Update your repository with any new additions to the upstream repository:

git fetch upstream

git checkout master

git rebase upstream/master

Create a new folder in boards/ with your particular board name. Create the following files in your new folder:

  • board.mk
  • board_config.h

Use other board files as examples for how to fill out your files.

You will need to reference the schematic for your board to find which SAMD21 pin maps to the onboard LED (or other important peripherals for UF2). Additionally, you will need to assign a unique and legitimate USB VID and PID to your board for the UF2 bootloader drive.

Look at the README in the uf2-samdx1 repository for instructions on how to build the UF2 files for your board (including the Arduino .ino program that will automatically upload the bootloader).

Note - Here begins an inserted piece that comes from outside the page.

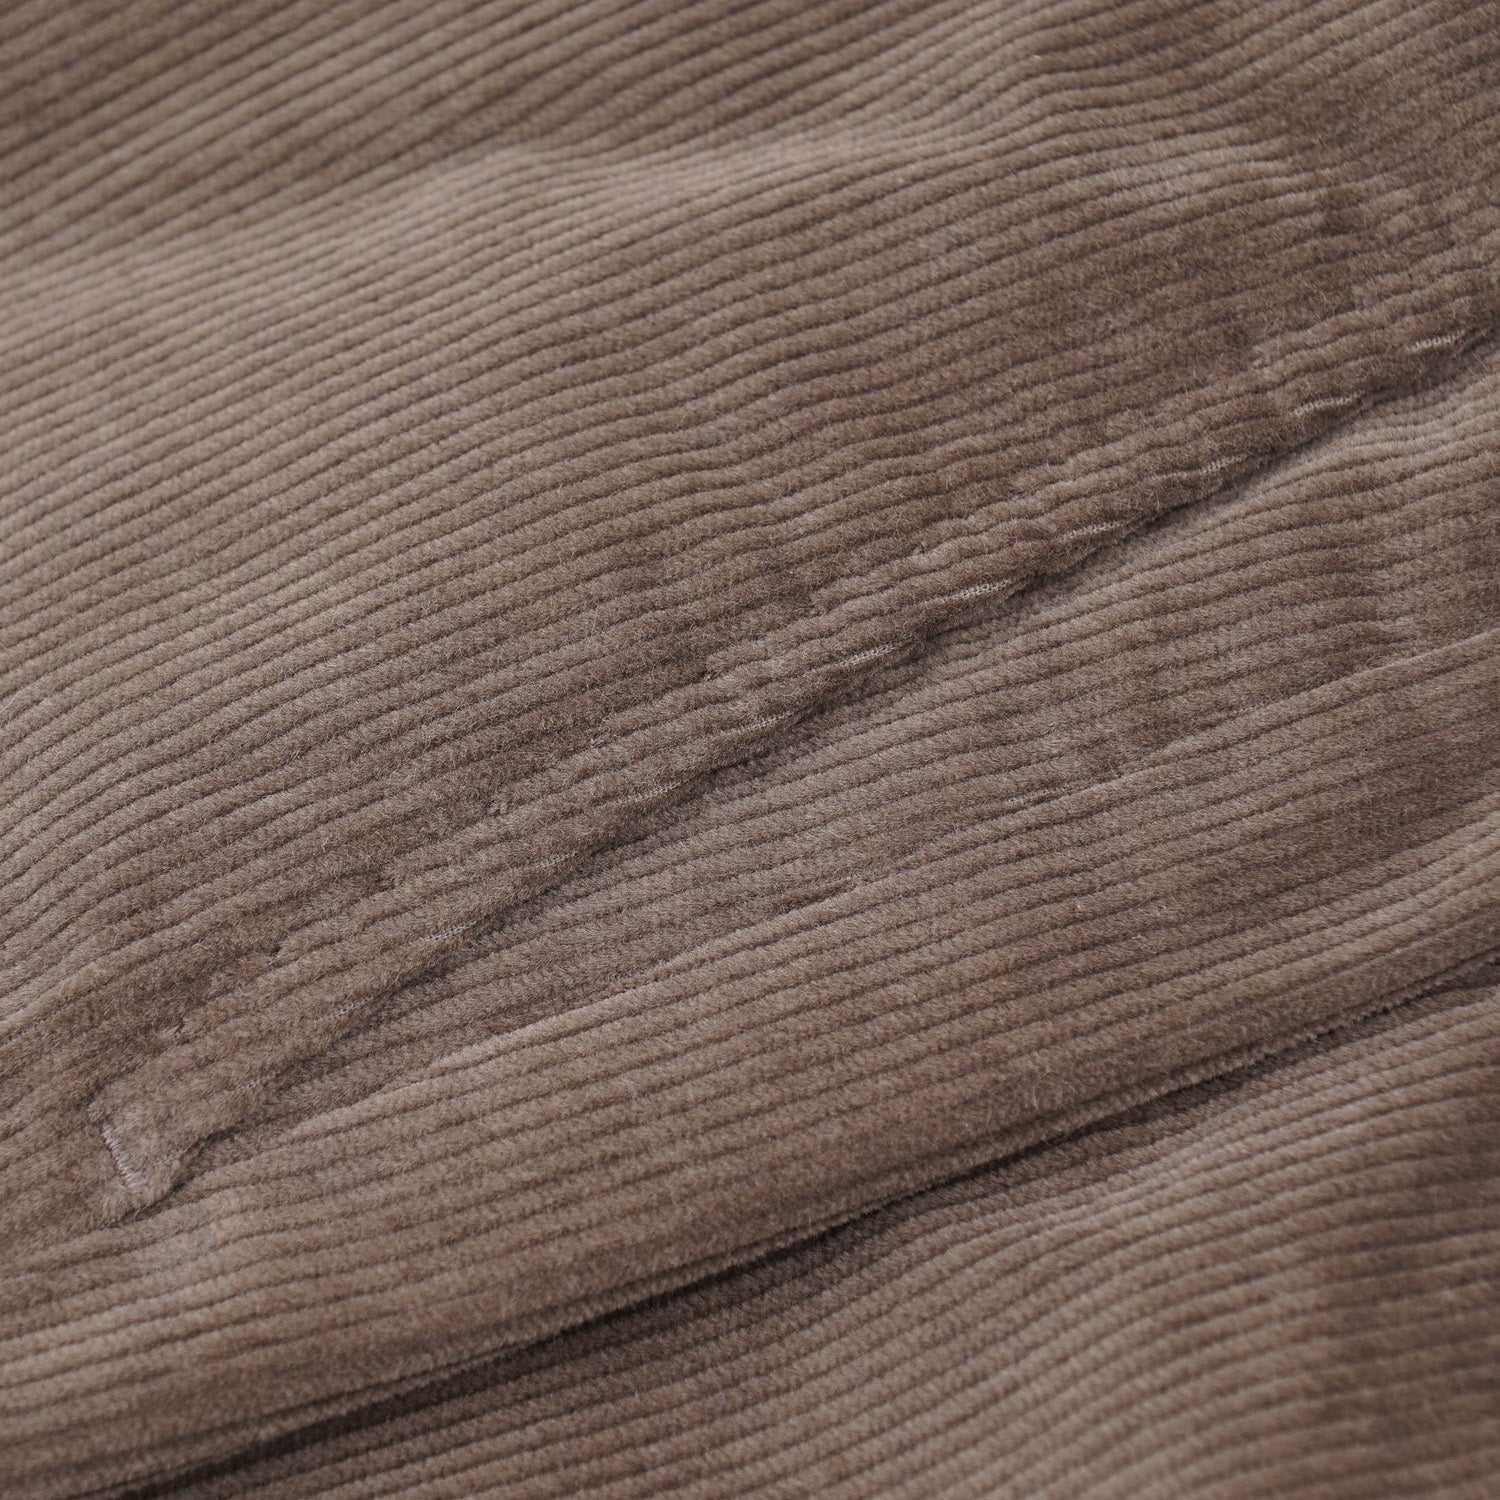 Isaia 'Sanita' Corduroy Cotton Dress Pants - Top Shelf Apparel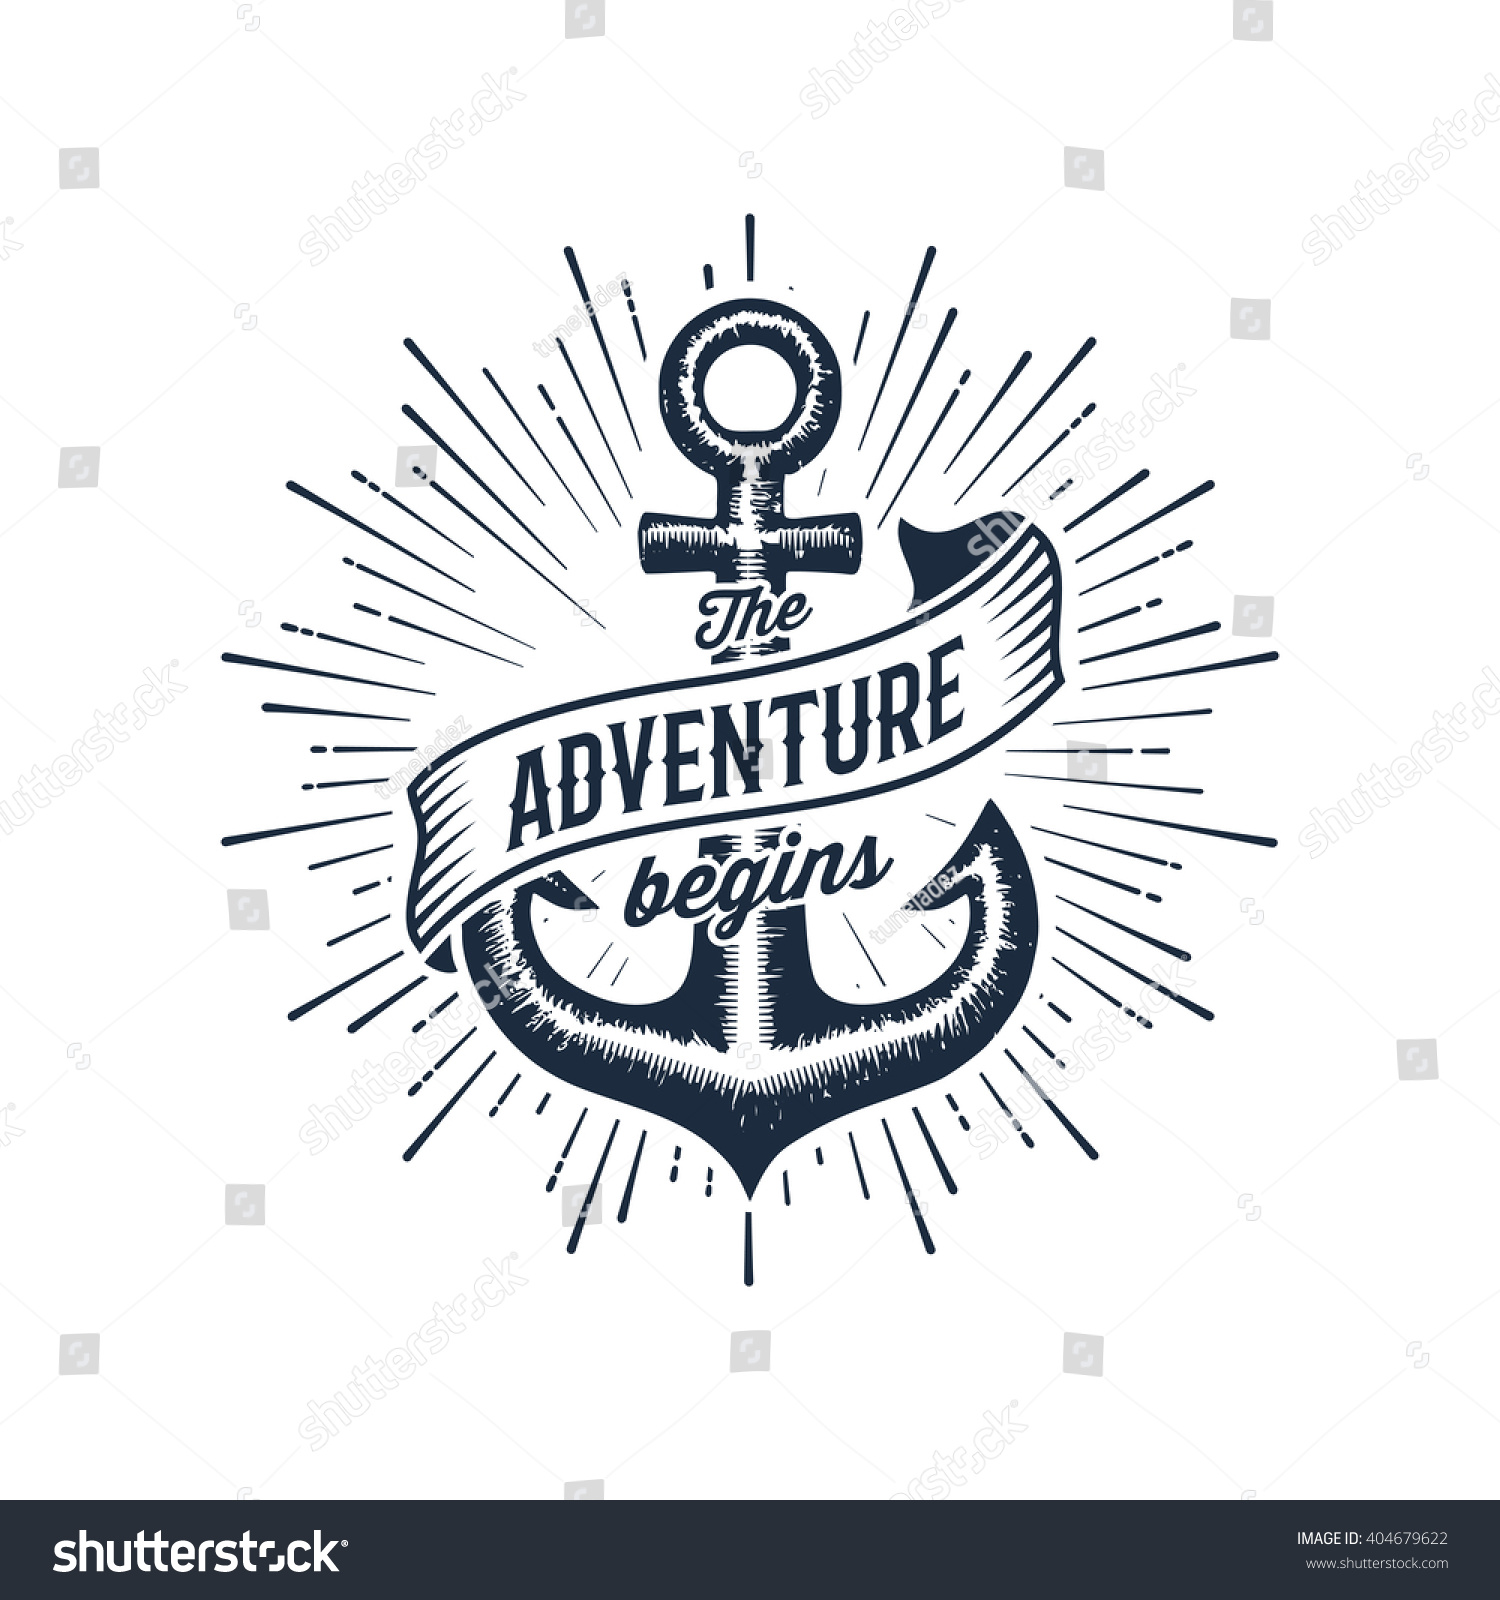 SVG of Vintage label with an anchor and slogan 'The adventure begins'. Apparel t-shirt design. Vector illustration. svg

2. Create a CircuitPython Port

Clone the Adafruit CircuitPython repository. If you have already cloned the repository, you will need to update your forked copy with the following commands. First, check to see if you have the upstream repository added with:

git remote -v

If you do not see upstream locations, add the Adafruit repository:

git remote add upstream https://github.com/adafruit/circuitpython.git

Update your repository with any new additions to the upstream repository:

git fetch upstream

git checkout master

git rebase upstream/master

You will then need to synchronize the submodules in the repository:

git submodule sync

git submodule update --init --recursive

Create a new folder in ports/atmel-samd/boards with your board name. Create the following files in your new folder:

  • board.c
  • mpconfigboard.h
  • mpconfigboard.mk
  • pins.c

Refer to other board files in the atmel-samd/boards folder as examples for what should go in each of those files. You will need to look at the schematic for your board to see which pins map to which headers and peripherals.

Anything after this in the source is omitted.